Design of Knee Exoskeleton Robot Based on Human Physiology

Abstract

In order to achieve a motion form similar to the human knee structure to better assist the wearer to achieve walking gait motion. In this paper, we propose an anthropomorphic knee-joint exoskeleton robot structure, which adopts similar structural characteristics to the human knee-joint structure and has a variable instantaneous center of rotation (ICR) motion form, and uses a crossed four-link mechanism to simulate the internal cruciate ligament of the human knee joint to achieve multi-axis rotational motion of the knee joint, so that the human joint motion and the exoskeleton motion form can be better matched. The telescopic rod is used to simulate the human thigh muscle to drive the knee exoskeleton flexion and extension movement, and the auxiliary limiting locking mechanism simulates the knee patella to prevent the knee joint exoskeleton over-extension, which improves the coordination with the human joint movement and the adaptability of the wearer.
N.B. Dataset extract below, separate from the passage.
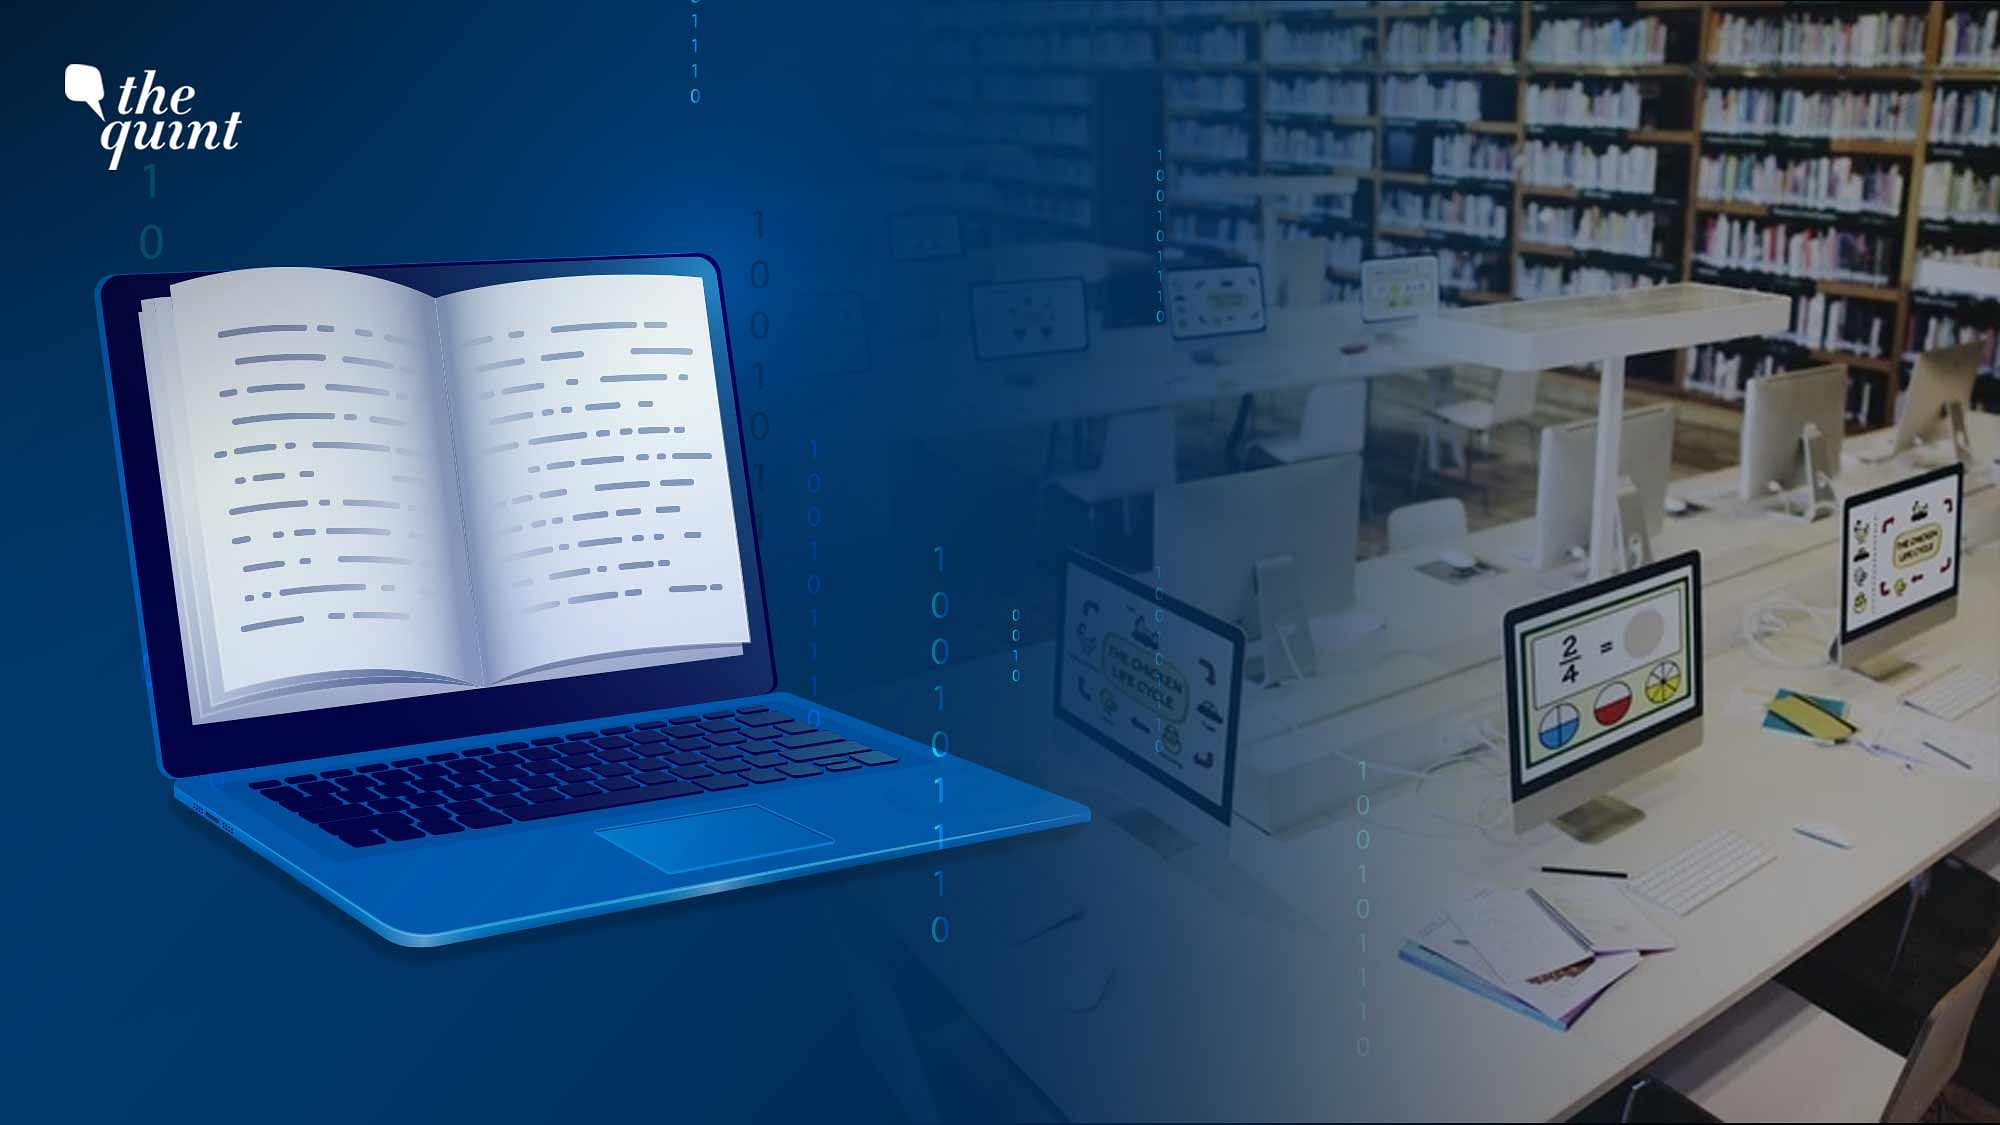 <div class="paragraphs"><p>The convergence of the old and new in libraries of the future represents an exciting frontier. While e-books and digital collections have gained prominence, physical books and manuscripts continue to hold a special place in libraries.</p></div>

Through simulation experimental analysis, it is verified that the bionic knee exoskeleton has good motion performance compared with uniaxial knee joint in terms of motion morphology and power consumption. Under the condition of satisfying the human knee joint flexion and extension angle and torque, the control learning method is applied to achieve the consistency of motion trajectory between the knee joint exoskeleton and human joint, to ease the wearer’s discomfort in the walking process and improve the wearing comfort of human sports training.